Effects on the primary efficacy outcomes

Based on the results from the meta-analyses, use of celecoxib at any dose (400–800 mg/day) for a duration of approximately 1–3 years showed a statistically significant reduction in the recurrence of advanced colorectal adenomas (RR, 0.42 [95% CI, 0.34–0.53]) and any adenomas (RR, 0.67 [95% CI, 0.62–0.72]) compared with placebo, with no heterogeneity (I2=0%; Figure 1). In the sensitivity analyses (Figures S2–S4; see original version of this article), findings were robust and consistent with the primary analysis. A subgroup analysis of celecoxib at 400 mg/day demonstrated similar effects on advanced adenomas (RR, 0.45 [95% CI, 0.35–0.58]) and any adenomas (RR, 0.69 [95% CI, 0.64–0.75]), with no heterogeneity (I2=0%; Figure 1). Both 400 mg once daily and 200 mg twice daily dosing regimens provided similar effect size (Figure S5; see original version of this article). For celecoxib at 800 mg/day, RR for advanced adenomas was 0.34 [95% CI, 0.24–0.50] and 0.55 [95% CI, 0.48–0.64] for any adenomas.

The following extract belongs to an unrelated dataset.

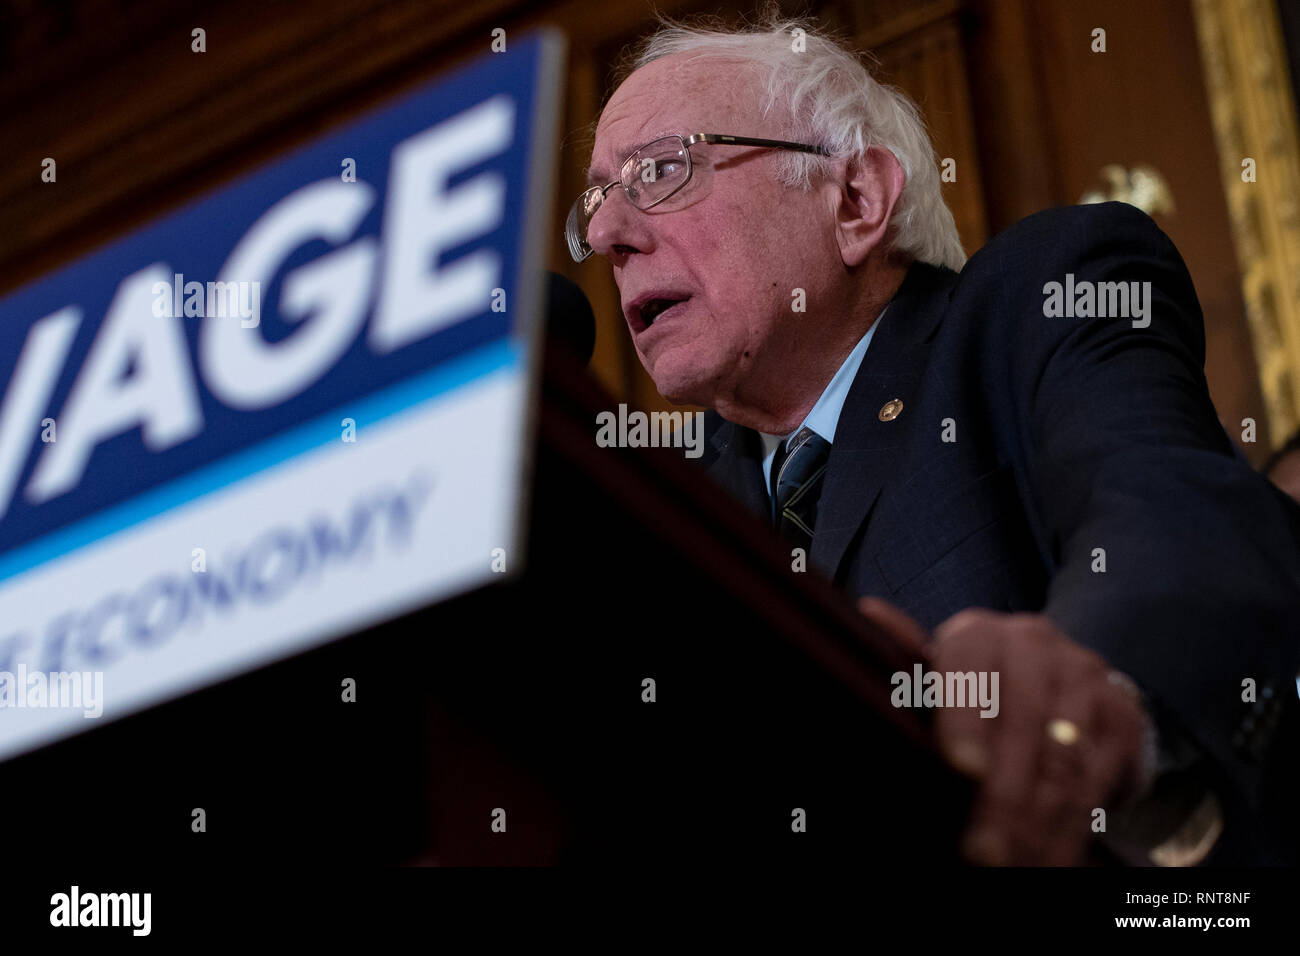 Le sénateur Bernie Sanders, indépendant du Vermont, prend la parole lors d'une conférence de presse sur la colline du Capitole à Washington, DC Le 16 janvier 2019. Banque D'Images

(To view a larger version of Figure 1, click here.)

Effects on the safety outcomes

Results from meta-analyses (Figure 2) showed that celecoxib at any dose for a duration of approximately 1–3 years significantly increases the risk of serious adverse events (RR, 1.15 [95% CI, 1.02–1.30]) and renal-hypertensive disorders (RR, 1.25 [95% CI, 1.09–1.42]) compared with placebo. Other safety outcomes including serious CV events (RR, 1.44 [95% CI, 0.73–2.84]), all-cause mortality (RR, 1.27 [95% CI, 0.66–2.44]), and CRCs (RR, 1.41 [95% CI, 0.24–8.27]) were not significantly increased compared to placebo. Subgroup analysis based on different dosing regimens showed that celecoxib 400 mg twice daily (800 mg/day) significantly increased the risk of serious adverse (RR, 1.2 [95% CI, 1.0–1.5]) and CV events (RR, 3.42 [95% CI, 1.56–7.46]). Interestingly, for celecoxib at 400 mg/day, a significant increase in CV risk was observed only with 200 mg twice daily regimen (RR, 2.48 [95% CI, 1.10–5.59]) but not with 400 mg once daily regimen (RR, 1.01 [95% CI, 0.70–1.46]), compared with placebo (Figures S6 and S7; see original version of this article).

(To view a larger version of Figure 2, click here.)

Grade summary of evidence

Our application of GRADE methodology led us to conclude that the accumulated evidence for celecoxib (at any dose and 400 mg/day) is of high quality for adenoma prevention. Detailed information on GRADE summary of evidence is presented in Table S3 (see original version of this article).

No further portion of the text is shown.